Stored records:
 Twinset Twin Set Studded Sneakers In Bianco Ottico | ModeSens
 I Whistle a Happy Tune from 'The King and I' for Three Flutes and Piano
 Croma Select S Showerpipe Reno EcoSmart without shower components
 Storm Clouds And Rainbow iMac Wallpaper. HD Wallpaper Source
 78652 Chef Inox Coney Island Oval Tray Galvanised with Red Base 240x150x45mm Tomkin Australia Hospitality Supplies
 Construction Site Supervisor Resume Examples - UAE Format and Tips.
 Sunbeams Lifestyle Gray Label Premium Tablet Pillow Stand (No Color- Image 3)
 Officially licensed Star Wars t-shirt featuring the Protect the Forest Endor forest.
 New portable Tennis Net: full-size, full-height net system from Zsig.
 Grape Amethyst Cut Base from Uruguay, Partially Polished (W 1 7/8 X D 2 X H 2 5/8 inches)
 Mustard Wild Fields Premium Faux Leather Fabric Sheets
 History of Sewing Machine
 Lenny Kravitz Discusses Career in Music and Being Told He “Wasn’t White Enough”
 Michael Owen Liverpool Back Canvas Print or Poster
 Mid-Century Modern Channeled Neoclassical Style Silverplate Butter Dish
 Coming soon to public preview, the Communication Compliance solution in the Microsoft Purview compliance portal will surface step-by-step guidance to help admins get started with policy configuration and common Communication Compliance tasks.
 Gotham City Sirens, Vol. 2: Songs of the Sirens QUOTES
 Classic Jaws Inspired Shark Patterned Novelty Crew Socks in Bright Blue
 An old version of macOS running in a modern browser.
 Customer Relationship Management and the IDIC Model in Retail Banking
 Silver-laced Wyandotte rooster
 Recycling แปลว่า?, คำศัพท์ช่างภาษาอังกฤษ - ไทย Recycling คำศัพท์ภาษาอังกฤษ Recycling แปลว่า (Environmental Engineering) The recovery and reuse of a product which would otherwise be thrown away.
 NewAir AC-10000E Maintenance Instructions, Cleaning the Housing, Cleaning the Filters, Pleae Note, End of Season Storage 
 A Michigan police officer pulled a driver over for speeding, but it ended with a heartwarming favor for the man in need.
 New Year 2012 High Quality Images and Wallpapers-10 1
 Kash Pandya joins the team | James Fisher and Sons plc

* _TASK TO COMPLETE_: All lines above are to be transcribed exactly.

* _TASK RESULT_:
 Twinset Twin Set Studded Sneakers In Bianco Ottico | ModeSens
 I Whistle a Happy Tune from 'The King and I' for Three Flutes and Piano
 Croma Select S Showerpipe Reno EcoSmart without shower components
 Storm Clouds And Rainbow iMac Wallpaper. HD Wallpaper Source
 78652 Chef Inox Coney Island Oval Tray Galvanised with Red Base 240x150x45mm Tomkin Australia Hospitality Supplies
 Construction Site Supervisor Resume Examples - UAE Format and Tips.
 Sunbeams Lifestyle Gray Label Premium Tablet Pillow Stand (No Color- Image 3)
 Officially licensed Star Wars t-shirt featuring the Protect the Forest Endor forest.
 New portable Tennis Net: full-size, full-height net system from Zsig.
 Grape Amethyst Cut Base from Uruguay, Partially Polished (W 1 7/8 X D 2 X H 2 5/8 inches)
 Mustard Wild Fields Premium Faux Leather Fabric Sheets
 History of Sewing Machine
 Lenny Kravitz Discusses Career in Music and Being Told He “Wasn’t White Enough”
 Michael Owen Liverpool Back Canvas Print or Poster
 Mid-Century Modern Channeled Neoclassical Style Silverplate Butter Dish
 Coming soon to public preview, the Communication Compliance solution in the Microsoft Purview compliance portal will surface step-by-step guidance to help admins get started with policy configuration and common Communication Compliance tasks.
 Gotham City Sirens, Vol. 2: Songs of the Sirens QUOTES
 Classic Jaws Inspired Shark Patterned Novelty Crew Socks in Bright Blue
 An old version of macOS running in a modern browser.
 Customer Relationship Management and the IDIC Model in Retail Banking
 Silver-laced Wyandotte rooster
 Recycling แปลว่า?, คำศัพท์ช่างภาษาอังกฤษ - ไทย Recycling คำศัพท์ภาษาอังกฤษ Recycling แปลว่า (Environmental Engineering) The recovery and reuse of a product which would otherwise be thrown away.
 NewAir AC-10000E Maintenance Instructions, Cleaning the Housing, Cleaning the Filters, Pleae Note, End of Season Storage 
 A Michigan police officer pulled a driver over for speeding, but it ended with a heartwarming favor for the man in need.
 New Year 2012 High Quality Images and Wallpapers-10 1
 Kash Pandya joins the team | James Fisher and Sons plc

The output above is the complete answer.